# Pietta



## Captainball (Dec 1, 2010)

I was hoping I could get some input on Pietta revolvers.

I have been thinking about trying BP revolvers. I don't want to spend a lot to try it out, so have been looking at the Pietta 1858 New Army from Cabela's. They are on sale now, for $199.99. I don't want to go with the "kit" as I figure the quality of items included is not that great.

I have handled (not shot) several and they felt O.K.? The finish was not as bad as I had been led to believe. I know there are better guns out there but am curious if I will just be wasting my money?

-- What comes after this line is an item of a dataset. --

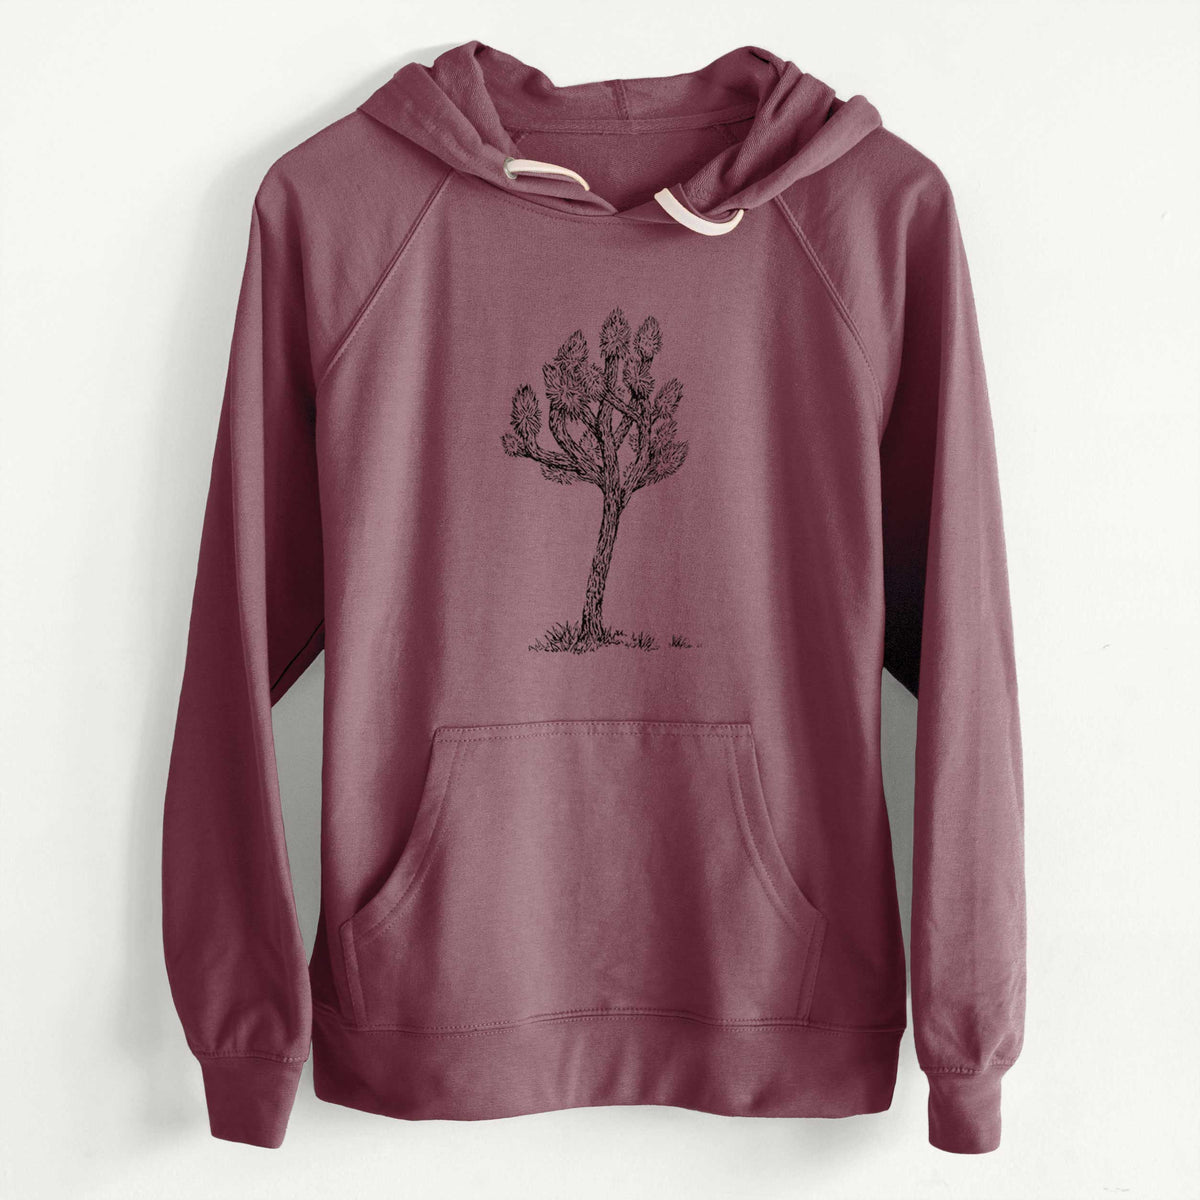 Yucca brevifolia - Joshua Tree  - Slim Fit Loopback Terry Hoodie

Any thoughts or problems with the Piettas I should know about?


----------



## alleyyooper (Jul 6, 2007)

I bought mine as a kit way back in the late 1970's from Ye Old Black Powder shope alburn Michigan.
It was of good quailty and has preformed fine for me for many years. It uses #10 caps that can be a problem to find at times but #11 caps can be used if you crimp them on so they do not come off in recoil.

Wow $200.00 bucks, I might shop around and find a used Rugar old army for that kind of money.

 Al


----------



## Captainball (Dec 1, 2010)

I did look at the Rugers briefly but they were running from $450 to $750.


----------



## alleyyooper (Jul 6, 2007)

For the Rugars the key word is used. Look on gunbroker.com

 Al


----------